1.3.1	v1.15 v1.17 v1.19	Upgraded the Volcano framework to the latest version. Supported Kubernetes v1.19. Added the numa-aware plugin. Fixed the Deployment scaling issue in the multi-queue scenario. Adjusted the algorithm plugin that is enabled by default.
1.2.5	v1.15 v1.17 v1.19	Fixed the OutOfcpu issue in some scenarios. Fixed the issue where pods cannot be scheduled when some capabilities are set for a queue. Made the log time of the volcano component consistent with the system time. Fixed the issue of preemption between multiple queues. Fixed the issue where the ioaware plugin cannot behave as expected in some scenarios. Supported hybrid clusters.
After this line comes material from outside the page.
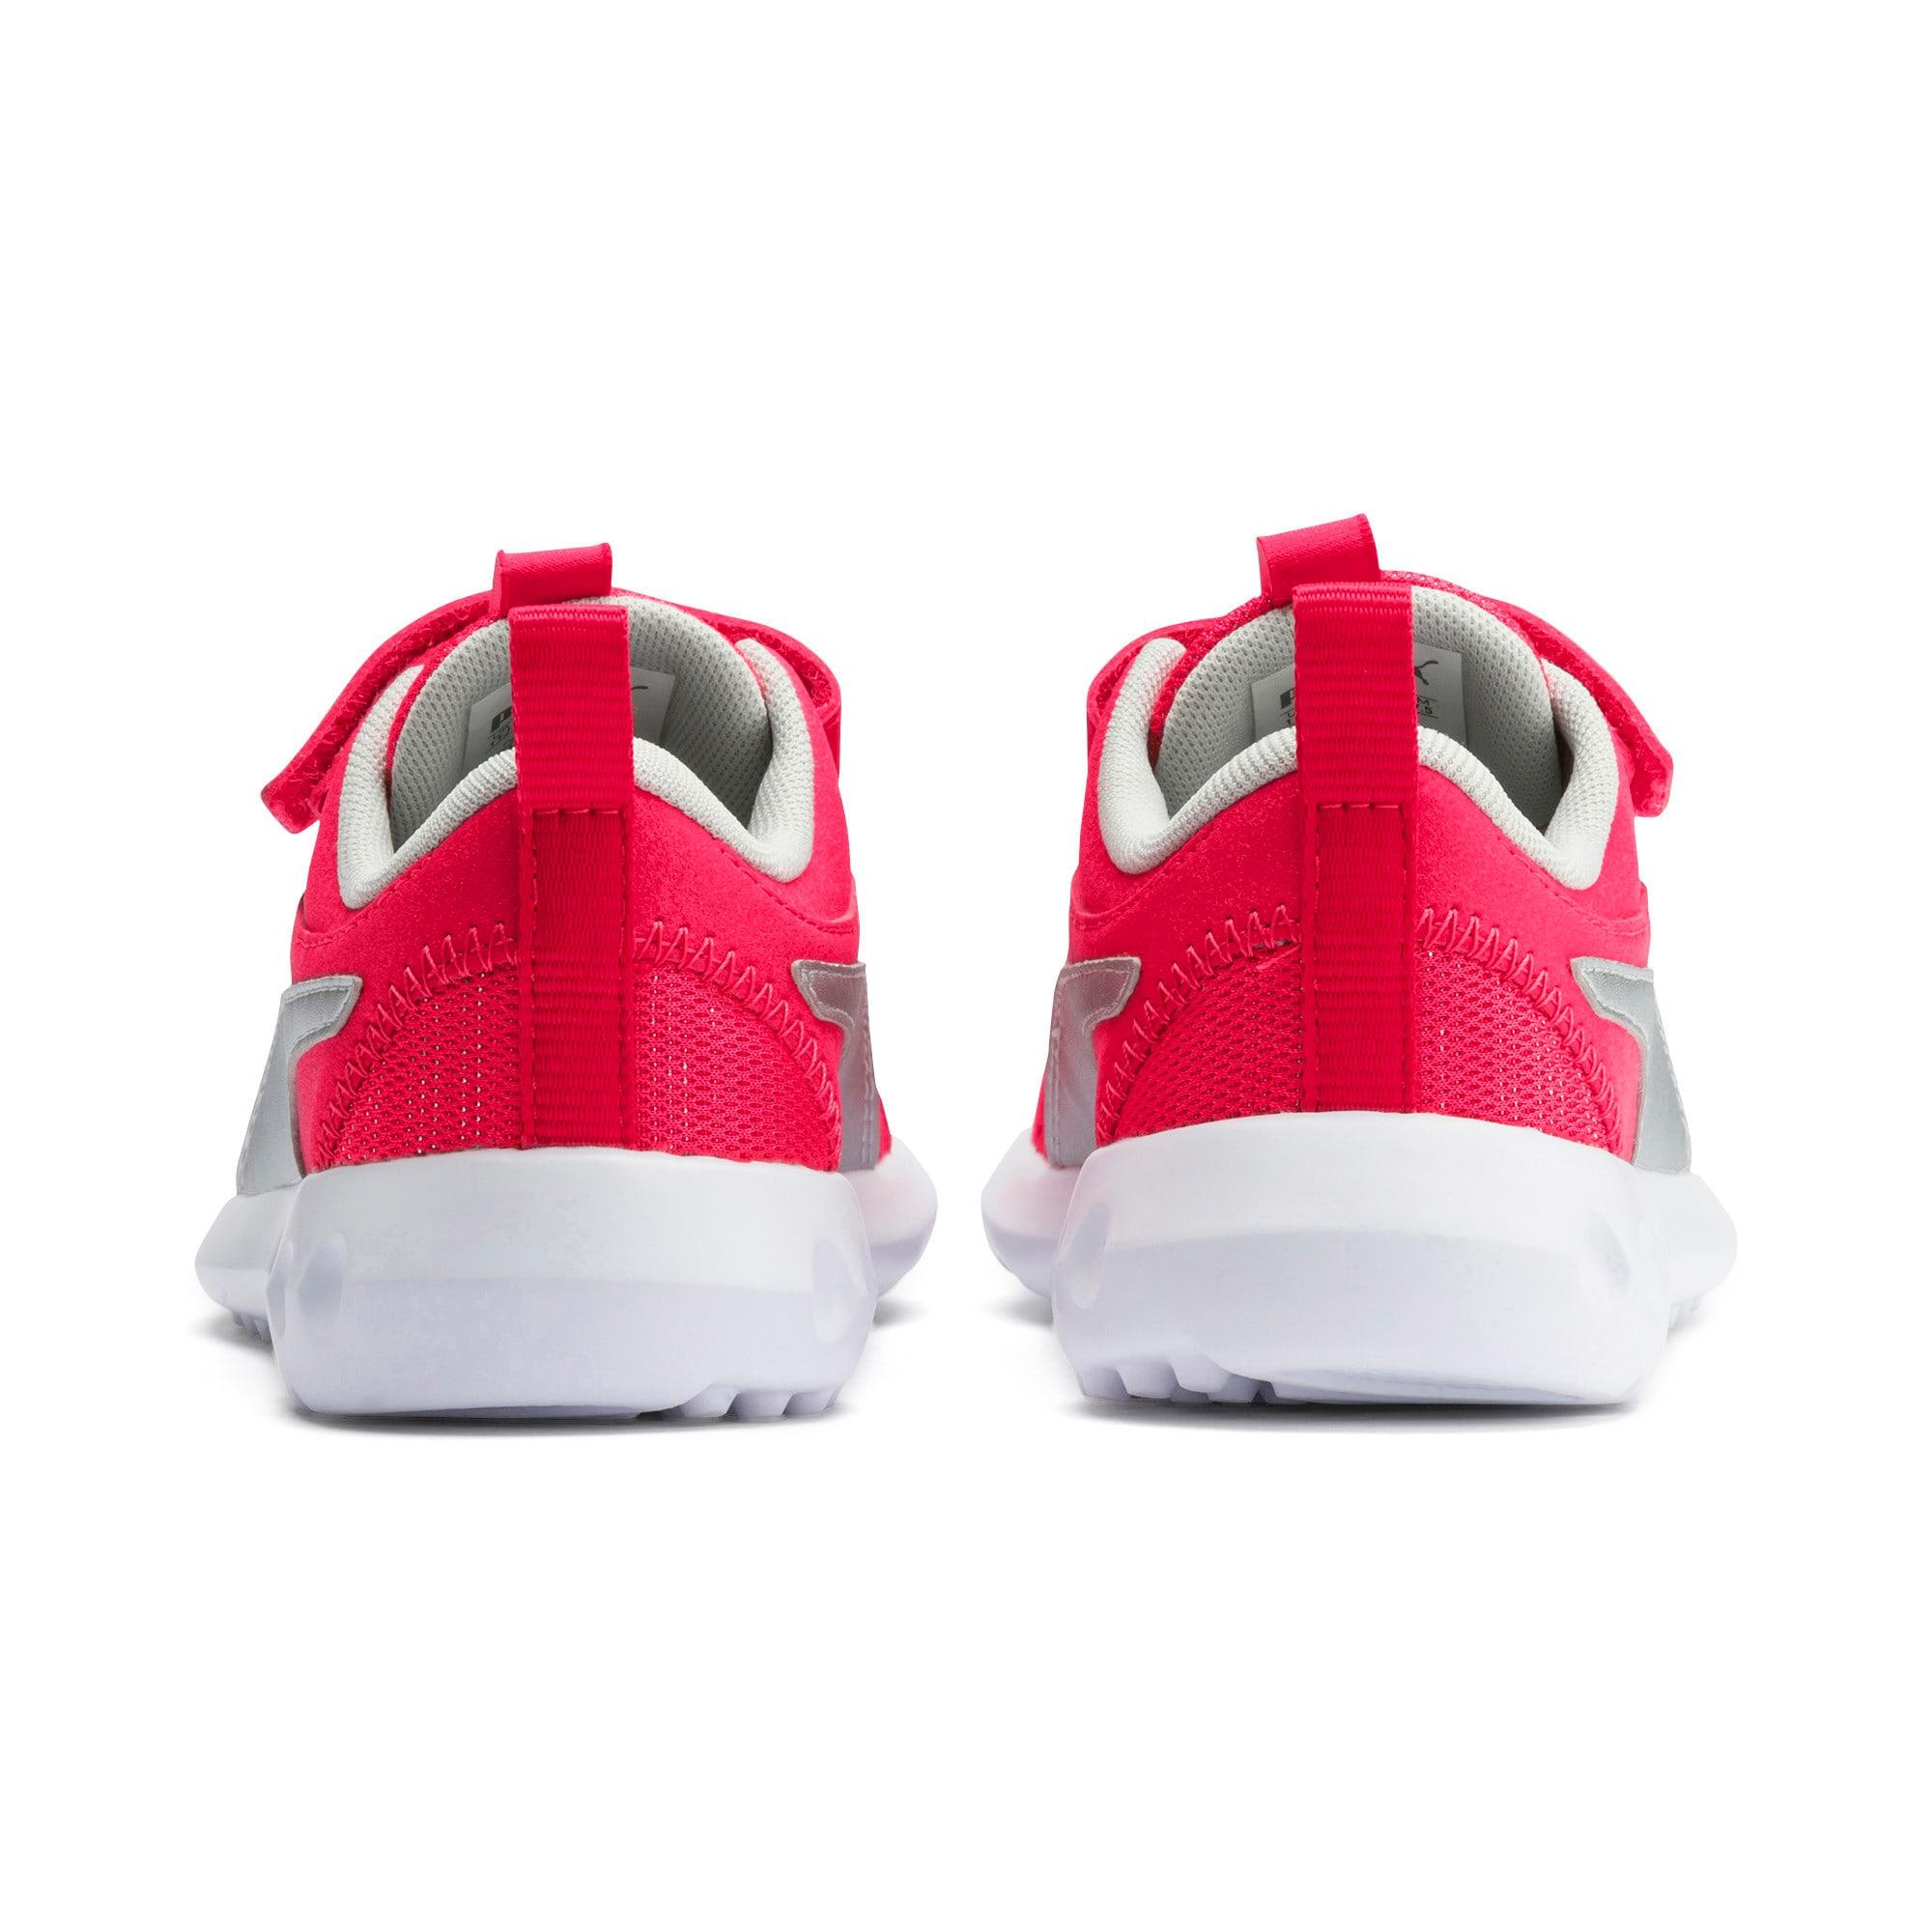 Thumbnail 3 of Carson 2 Glitz AC Shoes PS, Nrgy Rose-Silver, medium

1.2.3	v1.15 v1.17 v1.19	Fixed the training task OOM issue caused by inaccuracy. Fixed the GPU scheduling issue in CCE clusters v1.15 and later versions. Rolling upgrades of CCE versions during task distribution are not supported. Fixed the issue where the queue status is unknown in certain scenarios. Fixed the issue where a panic occurred when a PVC is mounted to a job in a specific scenario. Fixed the issue where decimals cannot be configured for GPU jobs. Added the ioaware plugin. Added ring controller.